Saturday, November 8, 2014

Mt Iwaki & Hirosaki Fall Festival

This Saturday's exploration took us to Mt. Iwaki and its Tsugaru Iwaki Skyline. I think this was our third or forth trip to Mt. Iwaki with the hopes of driving and hiking to the summit. The last couple of times we had to abort our plans due to heavy cloud cover on the mountain, today there were a few clouds, but it was looking like it'd be worth a shot. And let's face it, our time here is getting short when next year's deployment cuts out 7 months, so we've got to take advantage even when the conditions aren't perfect! 

Mt. Iwaki is near Hirosaki and using toll roads it takes about 2 hours to Hirosaki; we took a little more scenic route through the apple orchards and it took about 3 hours to get all the way to the Skyline Road (130 km = 80 mi).

GPS coordinates: 40.641561, 140.261645


Aomori Prefecture (prefecture = state) is FAMOUS for its apples. The Fuji apple was even invented here, betcha didn't know that, or did you?? Aomori produces over half of all the apples grown in Japan. Usually that's about 500,000 tons per year, from about 53,000 acres of farm land. 
That's a lot of apples, I did some quick math...

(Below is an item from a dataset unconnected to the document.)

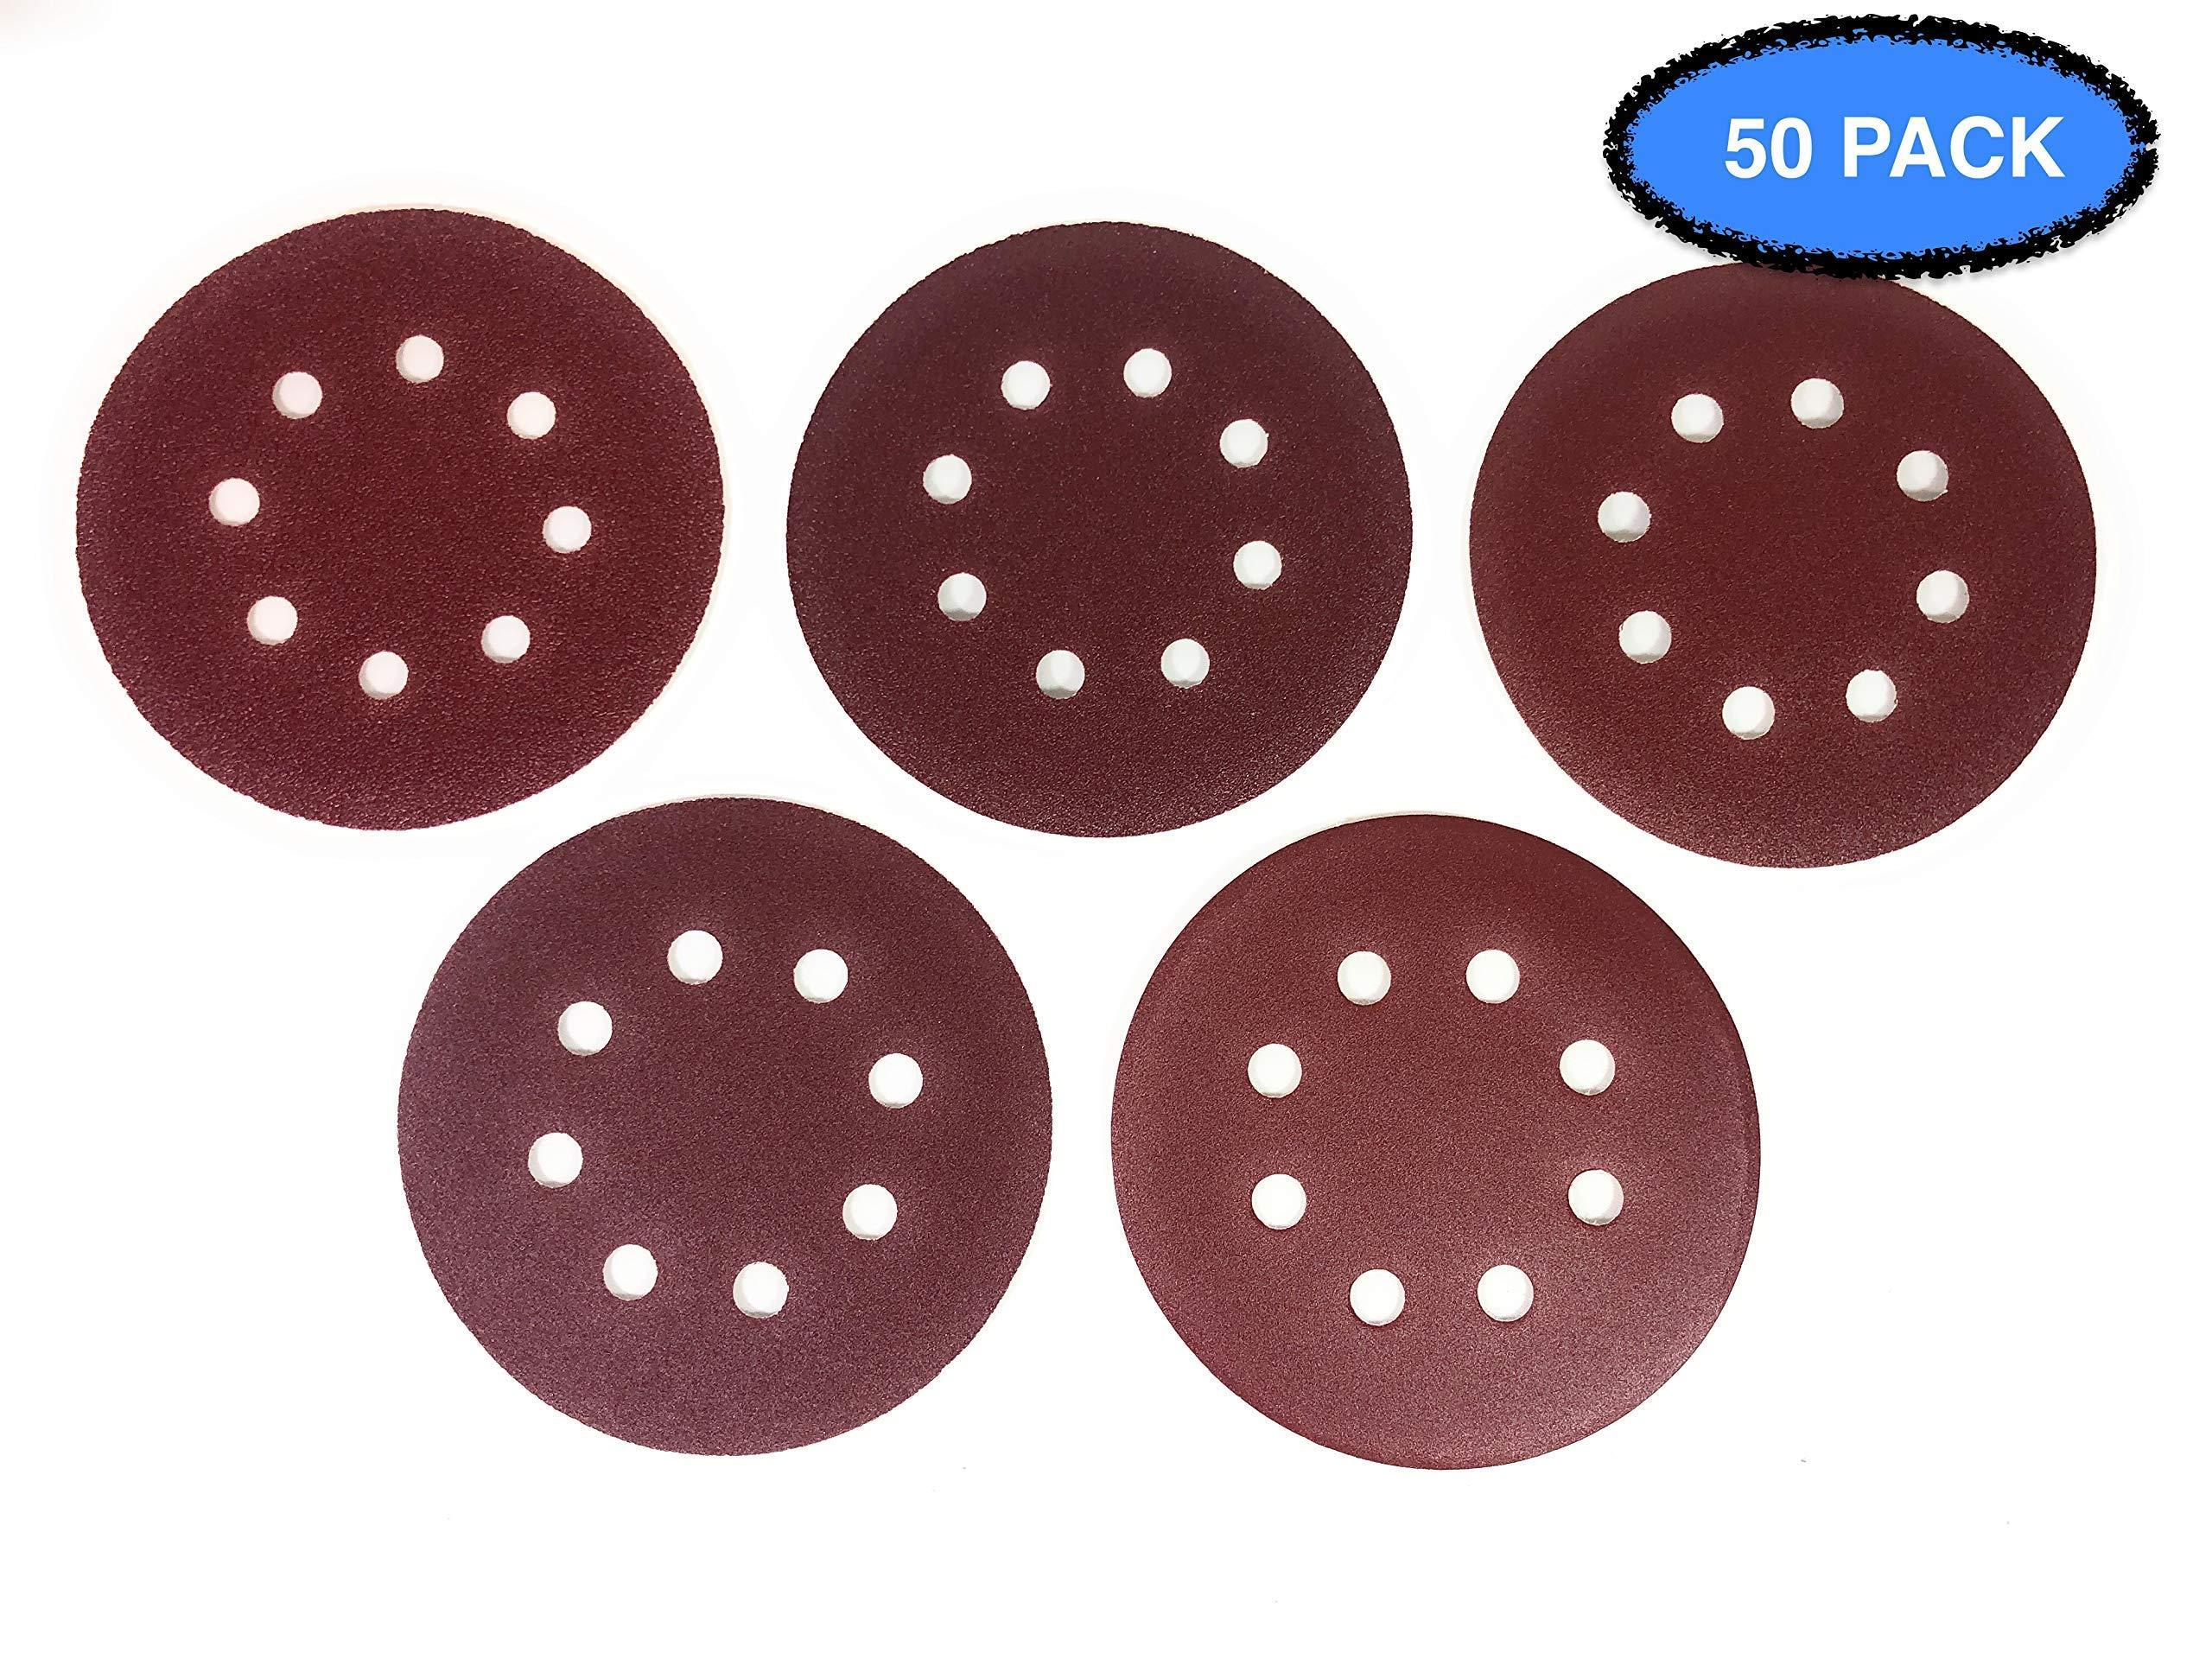 5 Inch 8 Hole Aluminum Oxide Premium Sanding Discs by Hitek 50PCS Assorted #60/120/150/220/320 Grits for Random Orbit Sanders

500,000 tons = 1 Billion pounds

The average apple weighs a third of a pound, so that's approximately 3 BILLION APPLES per year!

Out of curiosity I also googled how many apples are produced by the USA's largest apple producing state, Washington. About 10-12 billion apples annually, pretty impressive, although Aomori Prefecture is a "little" smaller...only slightly larger than Delaware.

Mt. Iwaki
Some apples still have their protective bags that are put on
when they're still teeny tiny.

I was trying to figure out the purpose of individually bagging apples while they are growing and I came across an article that answered all of my questions! So...why are the apples bagged and what are those white sheets on the ground under the trees??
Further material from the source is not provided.